*TO DO*.
If pictures appear in the lines below, skip them and copy exactly the lines from the one containing "浸漬取り戻す韻The Evolution of" through the one containing "Coffee Cake Bars", and nothing else.

*DATASET EXCERPTS*.
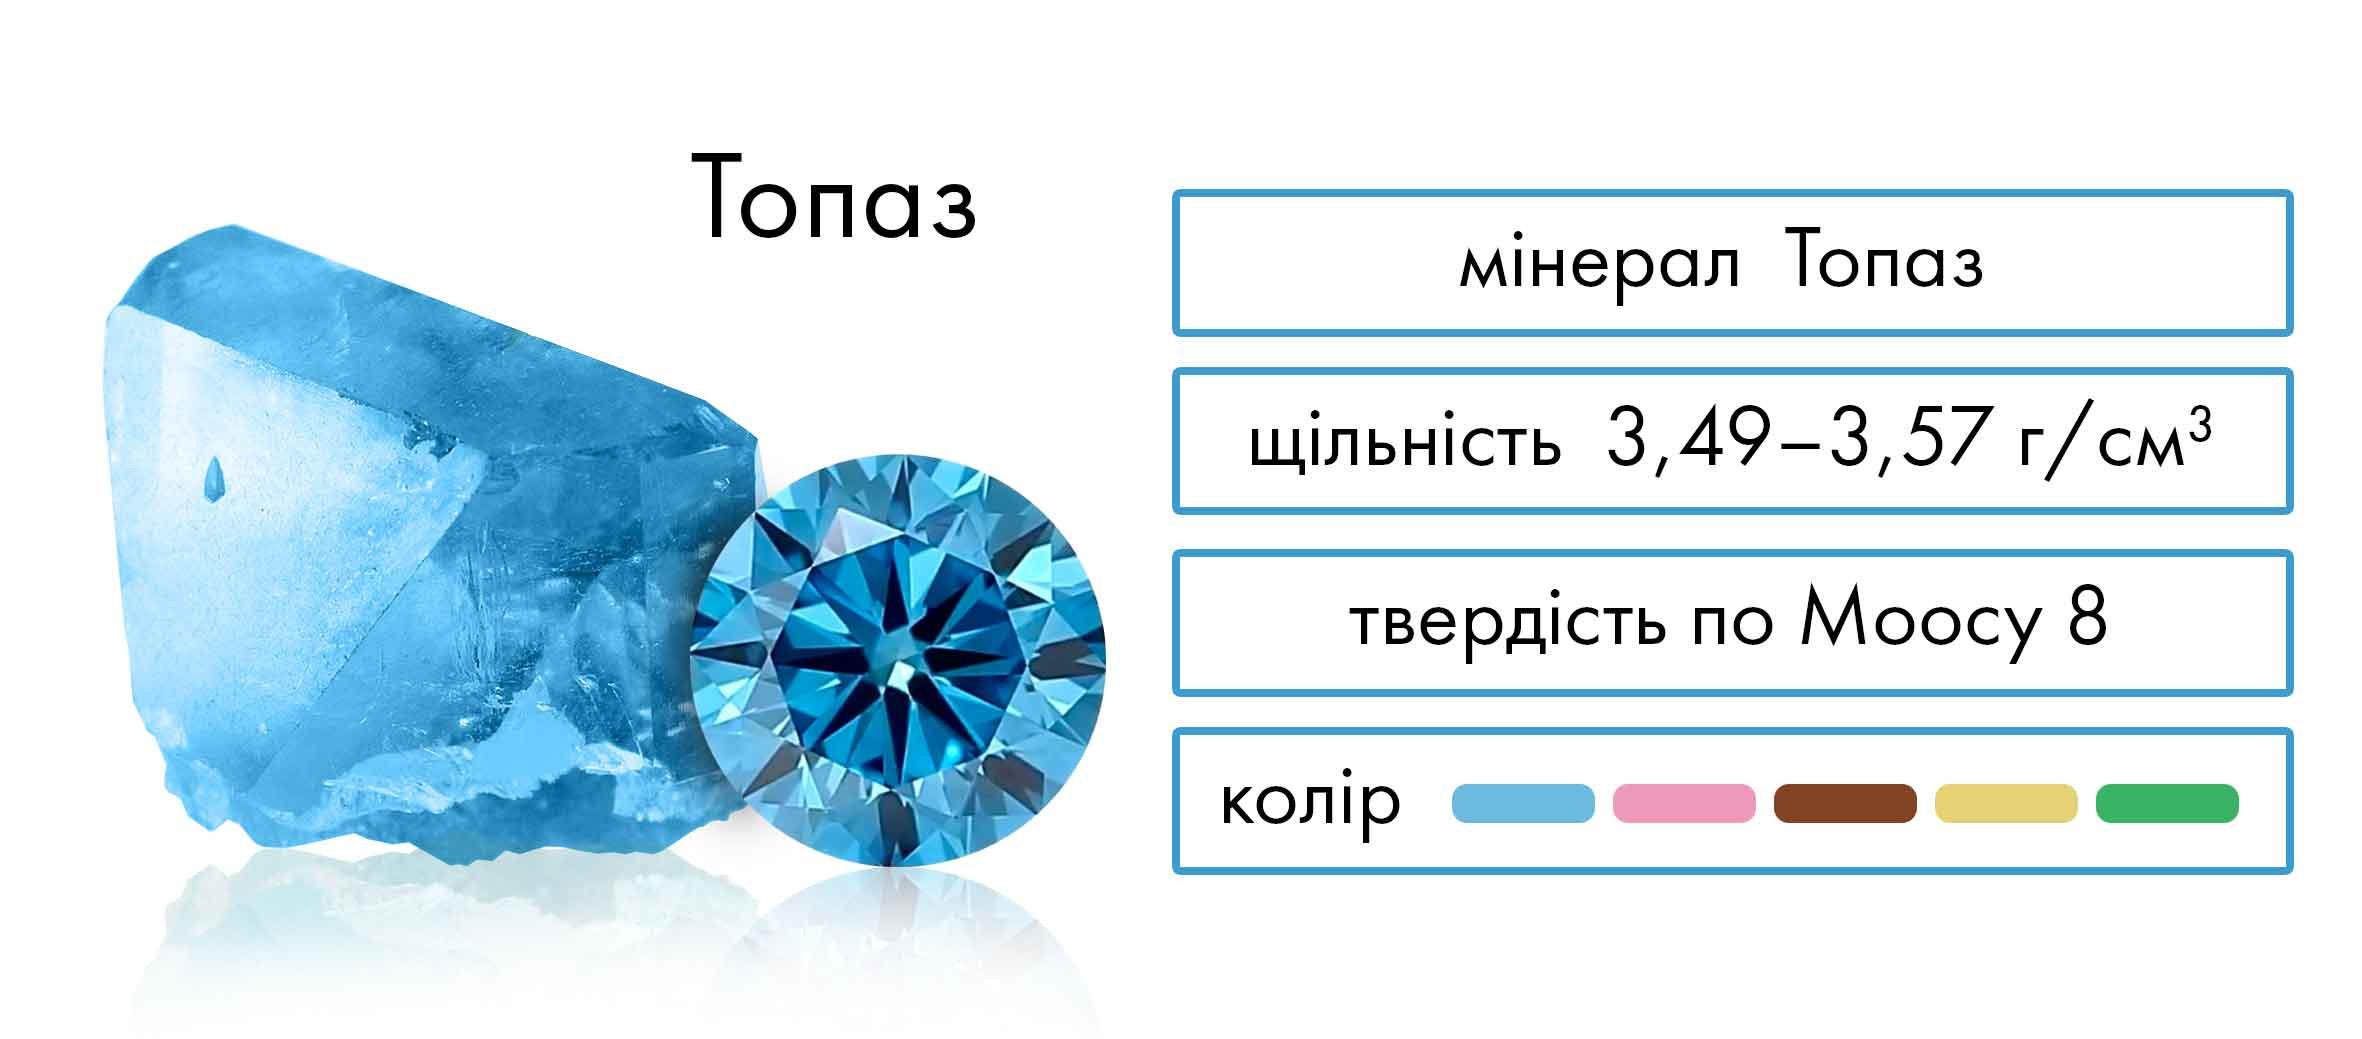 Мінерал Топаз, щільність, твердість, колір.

--

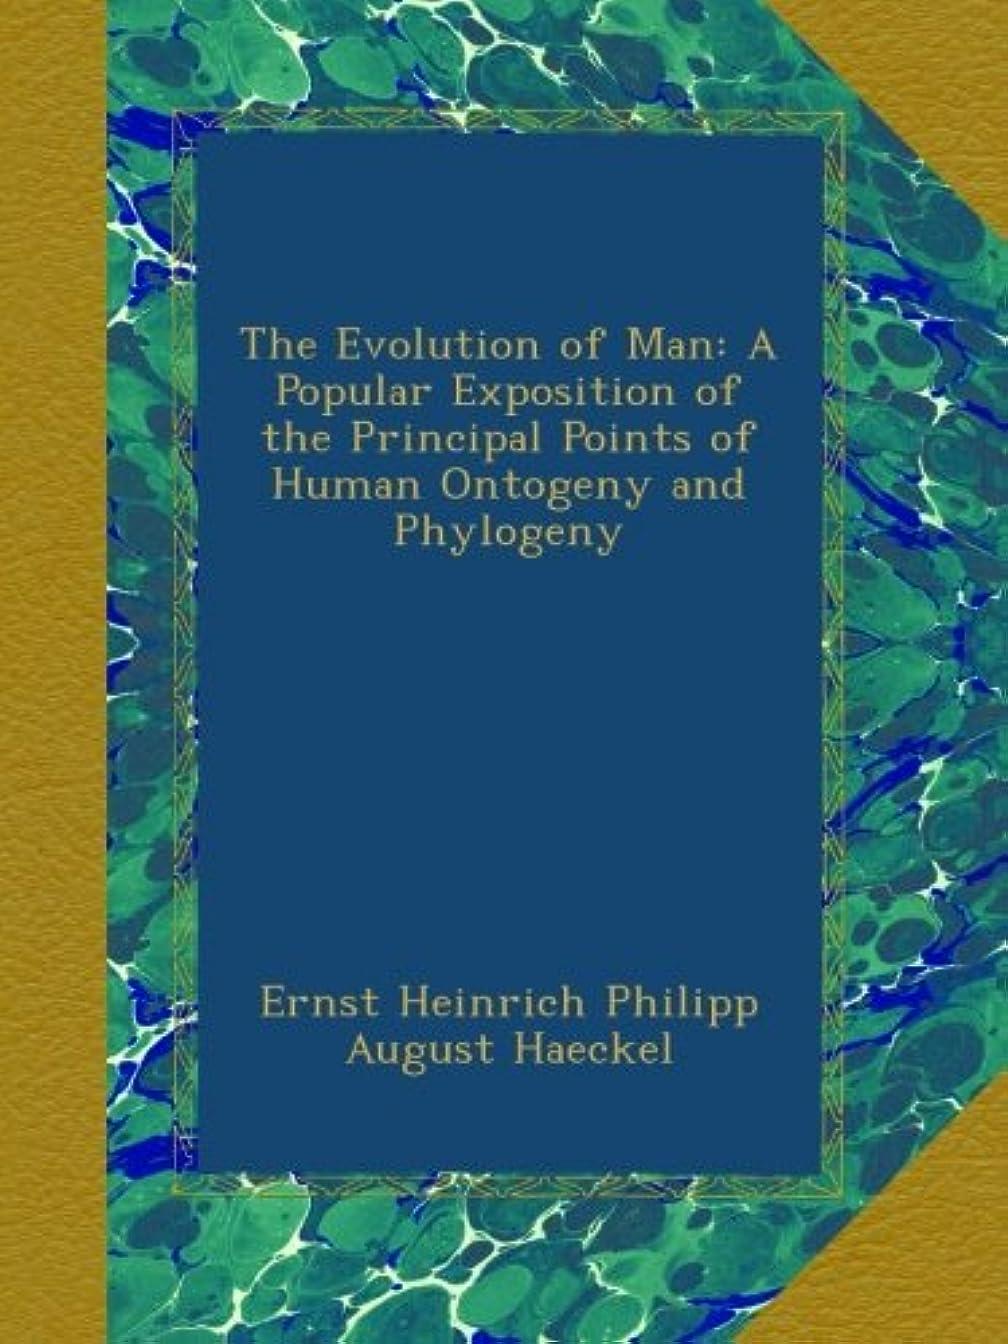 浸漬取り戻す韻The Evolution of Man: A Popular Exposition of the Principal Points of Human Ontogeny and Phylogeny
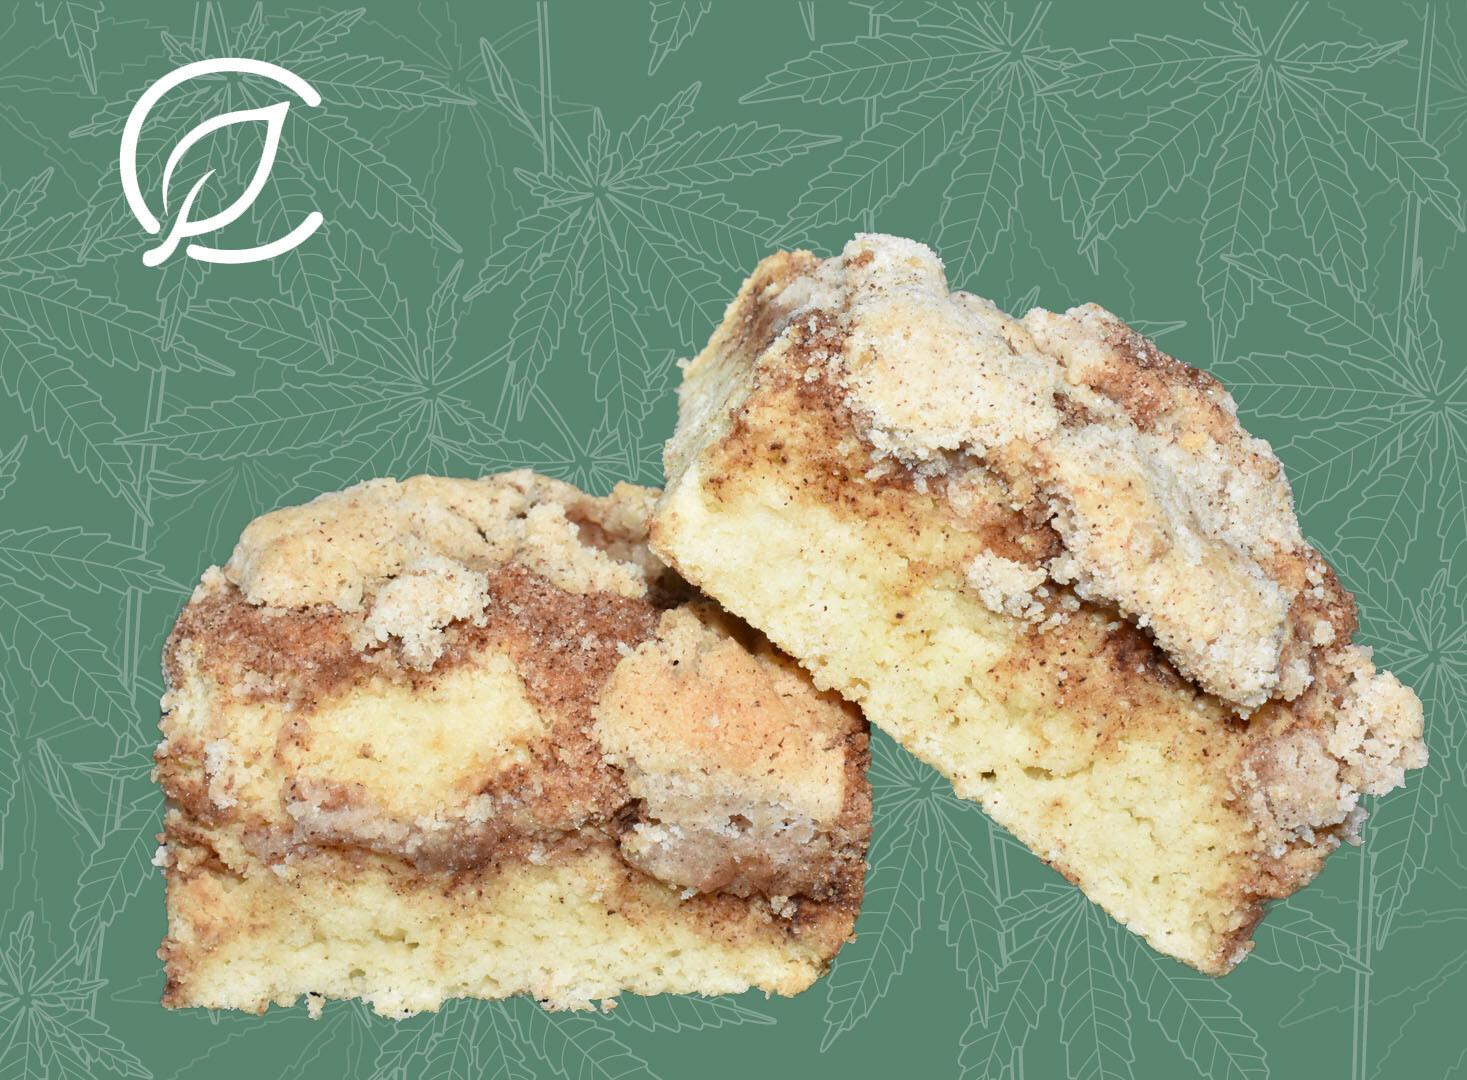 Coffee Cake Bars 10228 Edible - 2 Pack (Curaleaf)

*ANSWER FOR THE TASK*.
 浸漬取り戻す韻The Evolution of Man: A Popular Exposition of the Principal Points of Human Ontogeny and Phylogeny
 Coffee Cake Bars 10228 Edible - 2 Pack (Curaleaf)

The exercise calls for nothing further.